- [Given data]

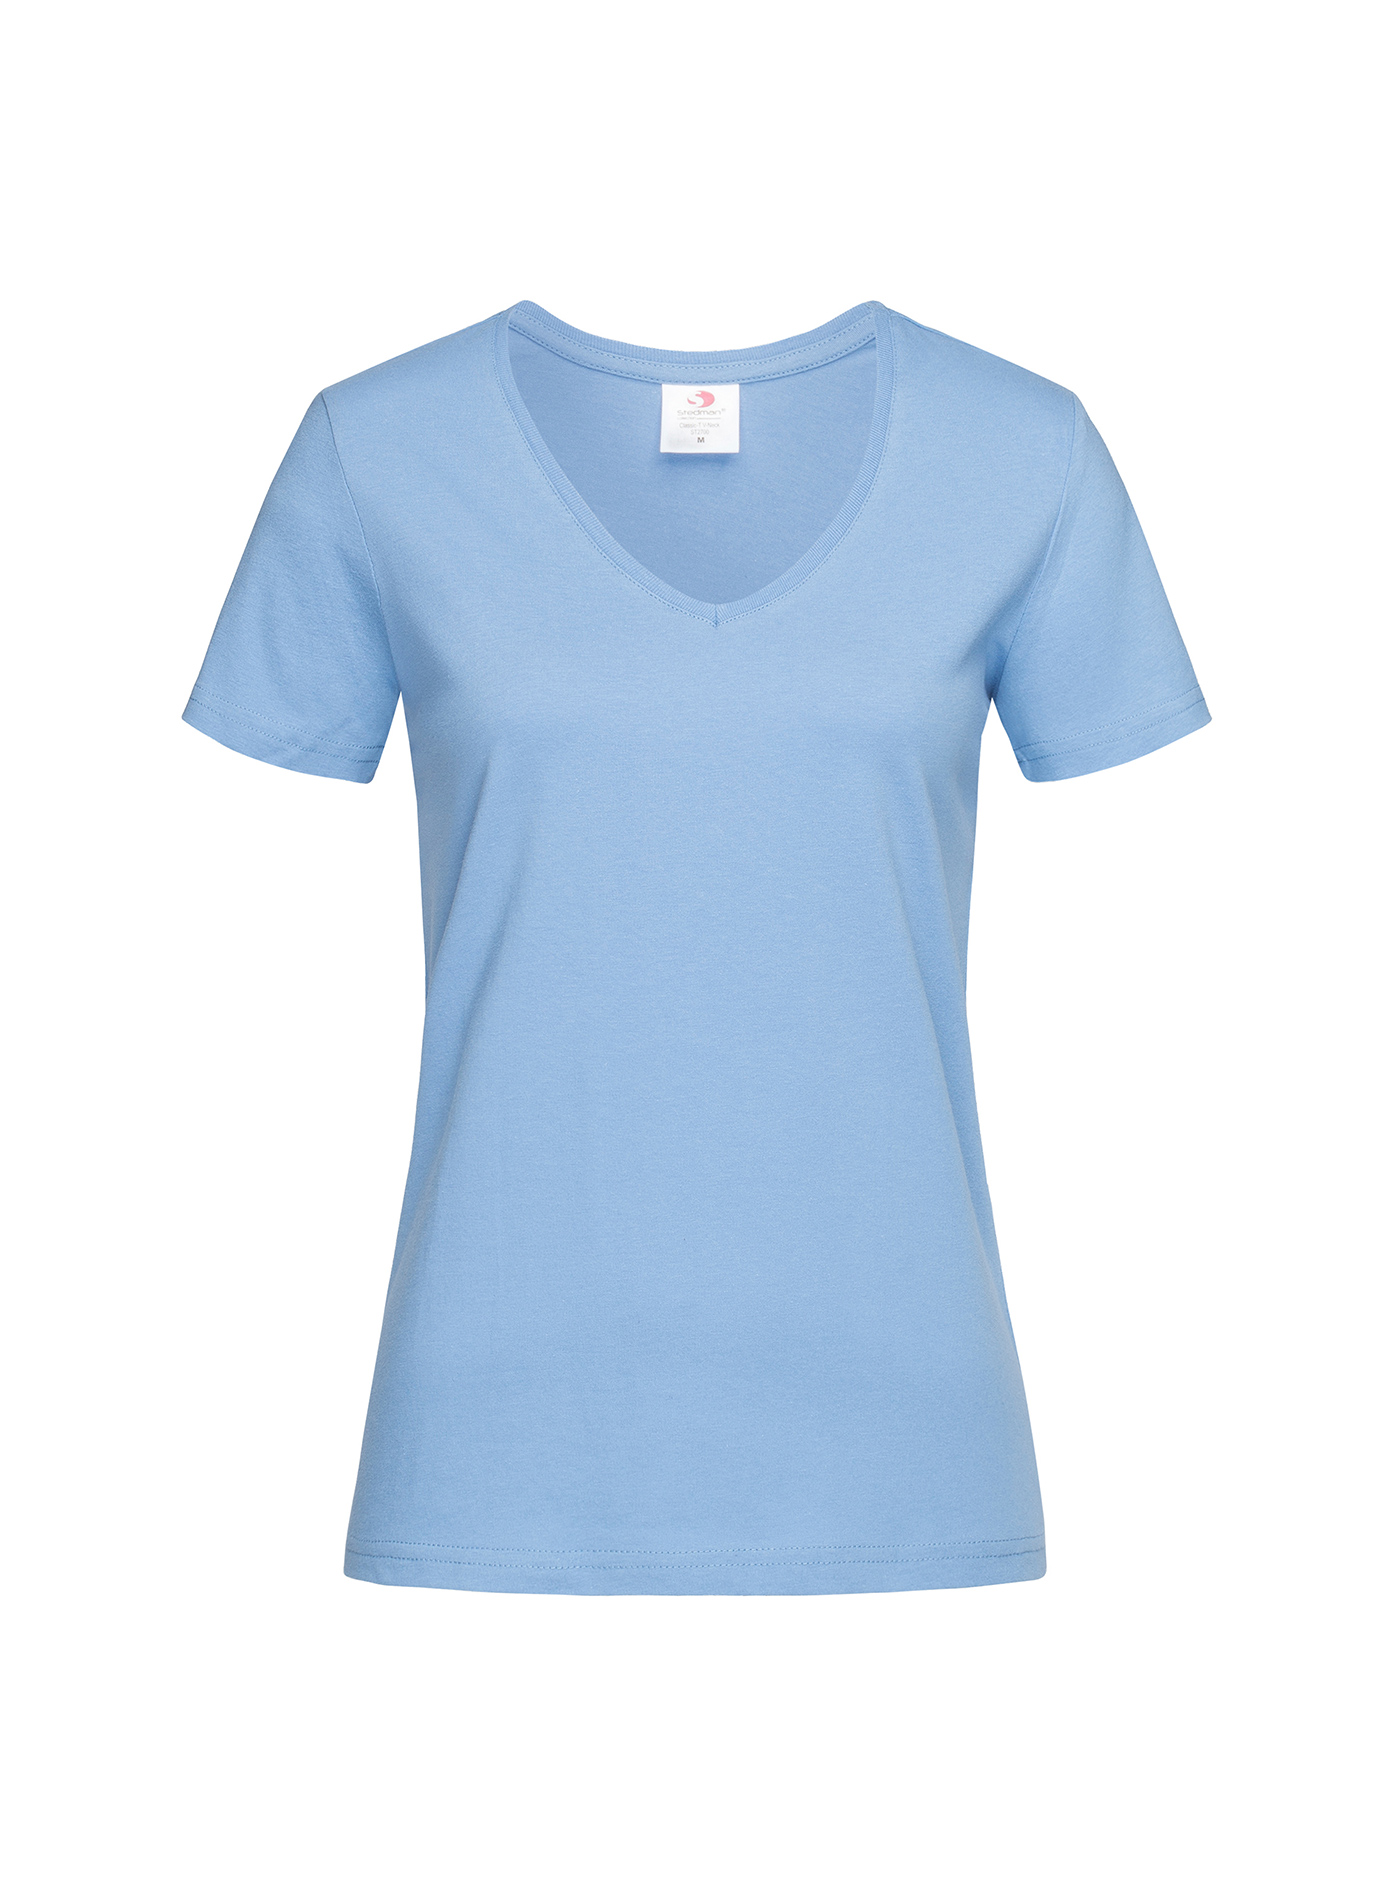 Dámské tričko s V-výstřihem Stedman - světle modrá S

...

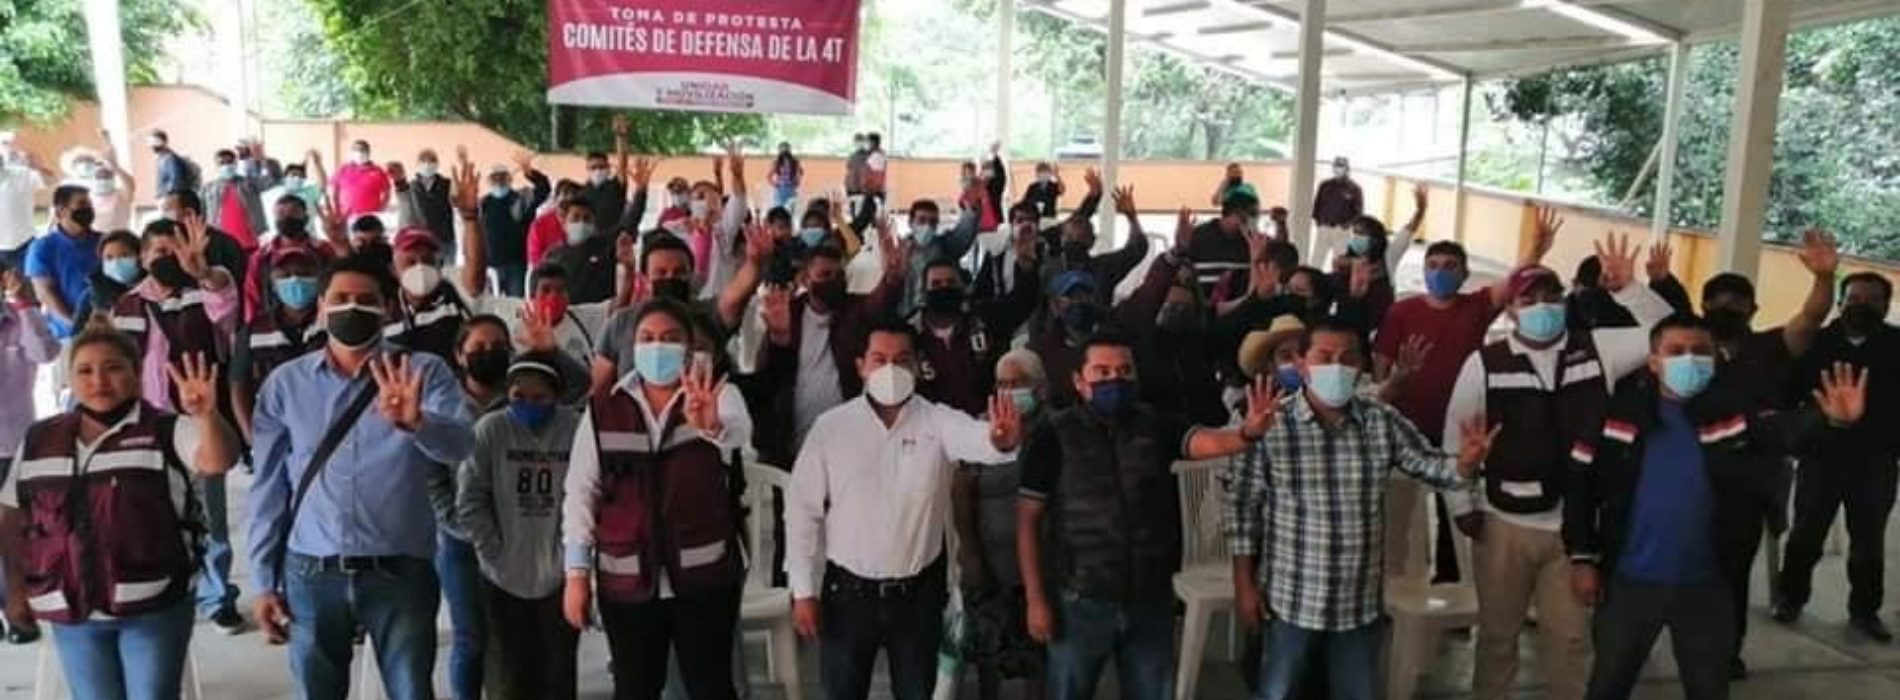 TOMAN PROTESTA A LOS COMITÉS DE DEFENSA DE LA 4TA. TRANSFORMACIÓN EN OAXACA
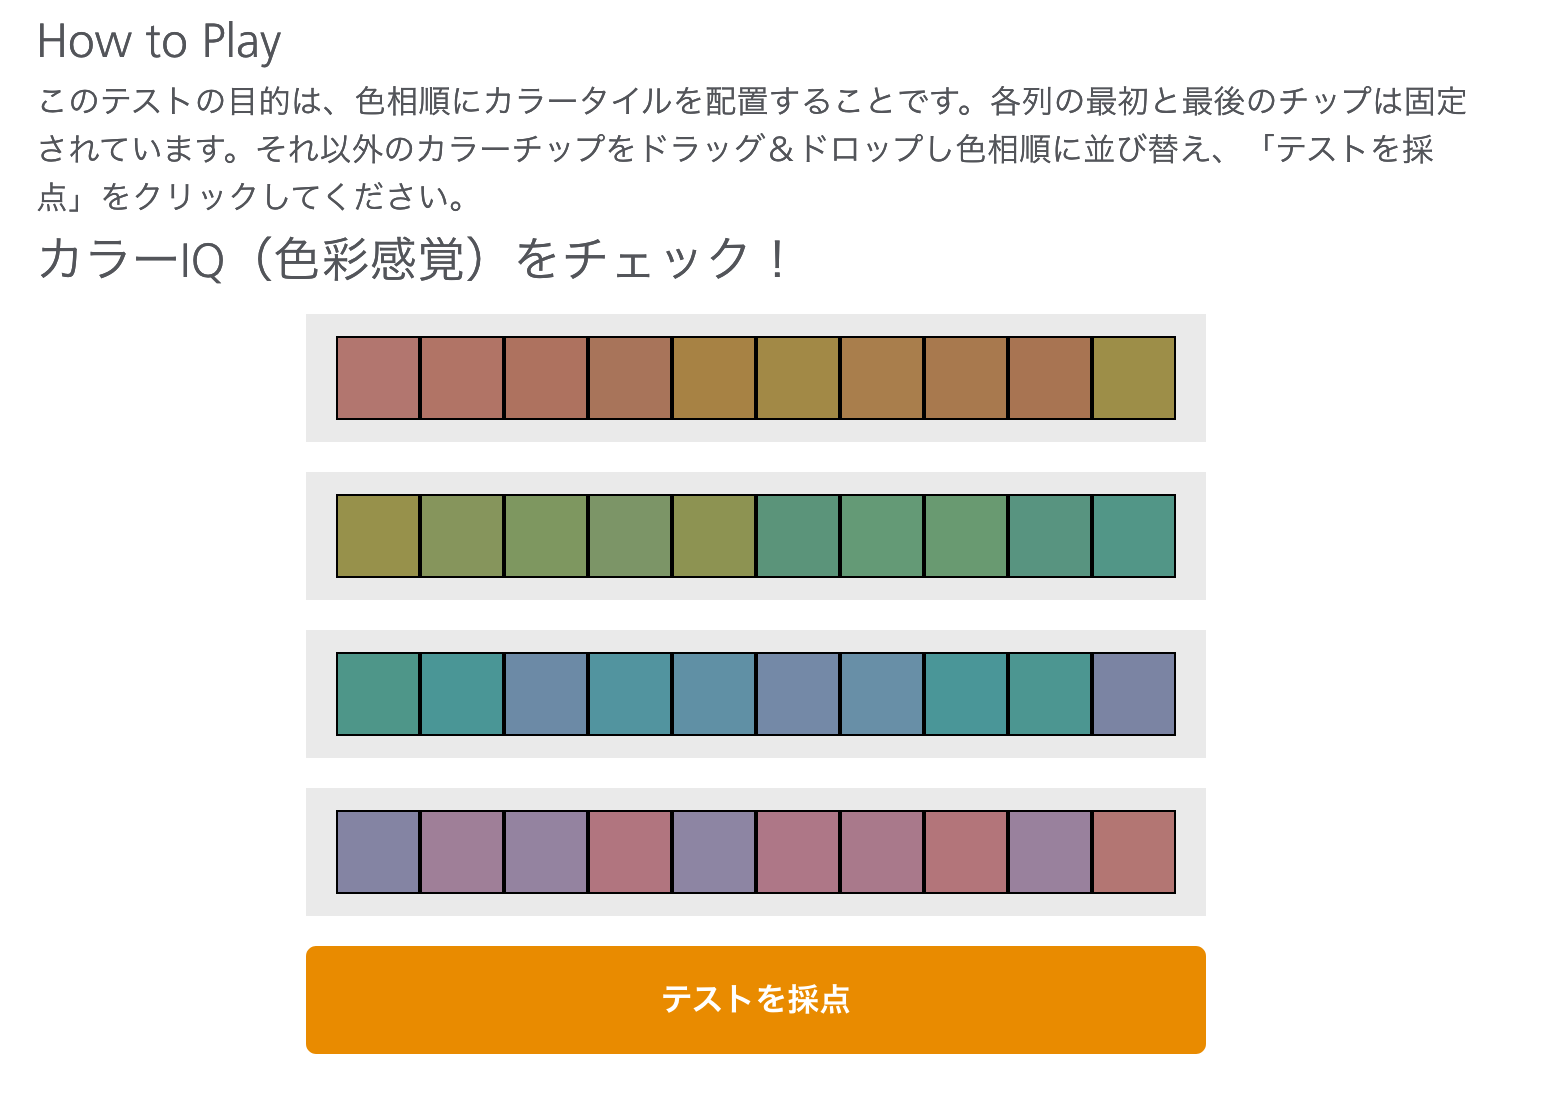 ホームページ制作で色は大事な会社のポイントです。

- [Problem requirements]
Pictures aside, return exactly the lines from the data above, starting at the line that has "TOMAN PROTESTA A" and ending at the line that has "ホームページ制作で色は大事な会社のポイントです。", both included.

- [Result for this task]
 TOMAN PROTESTA A LOS COMITÉS DE DEFENSA DE LA 4TA. TRANSFORMACIÓN EN OAXACA
 ホームページ制作で色は大事な会社のポイントです。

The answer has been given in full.